Не знаю, как так случилось: мы просто стояли очень, очень близко, в тусклом свете едва различая друг друга. Одной рукой я придерживала на груди концы шали, другой сжимала свёрток с деньгами и не знала, что ещё сказать. Но он ни о чём не спрашивал, только смотрел, и взгляд этот казался искренним – и беспомощным, как у ребёнка. Сочувствуя его горю, я инстинктивно коснулась его щеки, и он, раскинув руки, прижал меня груди. Моё лоб, уткнувшийся ему в ключицу, тотчас же стал мокрым от слёз, но я не отстранилась – напротив, почти уронив шаль, в свою очередь прижалась к нему, повторяя:
– Не плачьте, пожалуйста, не плачьте...
Он в ответ молча поцеловал меня – должно быть, хотел в затылок, но вышло в висок. Я подняла голову.
В этот момент дверь, разделявшая две половины дома, распахнулась, и на пороге возникла донна Лючиния. Гвидо стоял к ней спиной, но я видела её даже слишком хорошо. А она видела меня, видела нас – и молча удалилась, хлопнув дверью. Лишь тогда Гвидо, словно очнувшись, разжал руки.
– Прошу прощения, – пробормотал он. – Извините... Я не хотел...
– Мне пора... – пискнула я тонким голоском, так не похожим на мой обычный, и, подобрав шаль, бросилась к двери: так стыдно было смотреть ему в лицо. Однако он не отставал:
– После похорон мне придётся задержаться на несколько дней в Л., и я хотел бы снова Вас увидеть! Буду ждать в библиотеке! Каждое утро!
Я выскочила из дома, сбежала по лестнице. Уже почти стемнело, но дом мой был недалеко, и я шла быстро, почти не глядя под ноги. Во мне боролись противоречивые чувства: нежность и сострадание к пережитому Гвидо горю, но в то же время странное торжество, неведомая ранее радость, смутная надежда. А вместе с ними – неуверенность, сомнения, страх: точнее, леденящий душу ужас при виде возникшей на пороге мрачной фигуры. Узнала ли она меня? Что обо мне подумала? От волнения я даже почти забыла про Ассунтину, которую ещё нужно было накормить ужином, желательно горячим. И с которой в моё отсутствие наверняка приключилась какая-нибудь напасть.

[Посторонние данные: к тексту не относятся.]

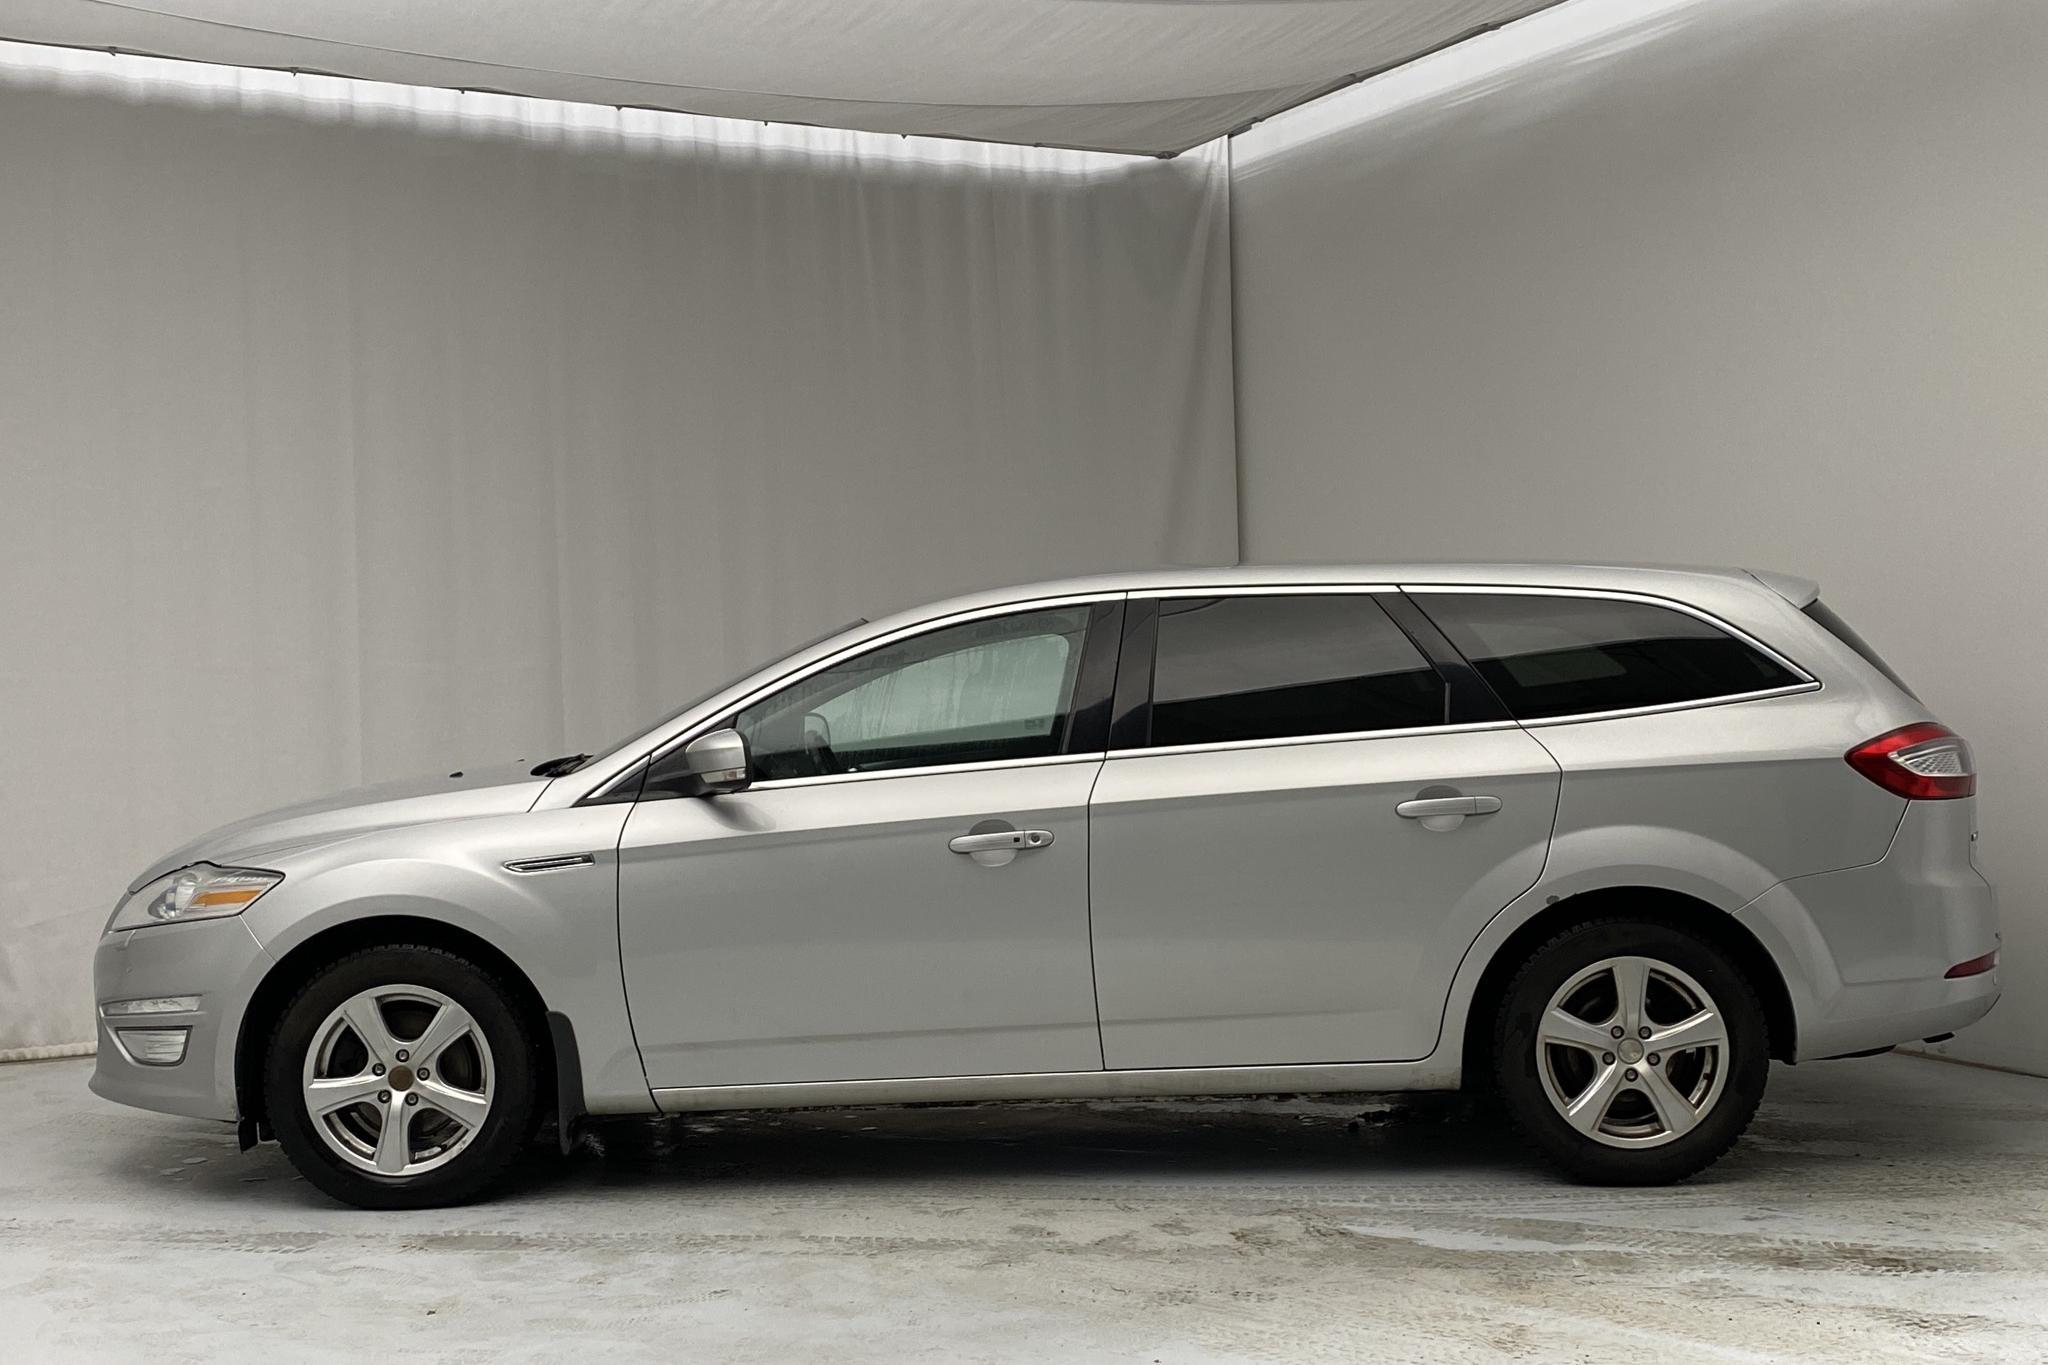 Ford Mondeo 2.0 Duratorq TDCi Kombi (163hk) - 20 234 mil - Automat - grå - 2011

Я вошла, едва дыша. И только скинув шаль, поняла, что обёрнутого галуном свёртка с деньгами в руках нет: видимо, я уронила его там, в коридоре. Мне сразу стало стыдно, что со всеми своими чувствами я способна сожалеть о такой пошлой мелочи: сумма ведь была совсем небольшой. Но для меня важен каждый сольдо, особенно теперь, когда приходилось заботиться об Ассунтине, а моя шкатулка потихоньку пустела.
Девочка сразу поняла, что стряслось что-то необычное, и долго глядела вопросительно, но так ничего и не сказала. Зато накрыла на стол, нарезала хлеб, начистила и нарезала картошки, моркови и сельдерея на суп.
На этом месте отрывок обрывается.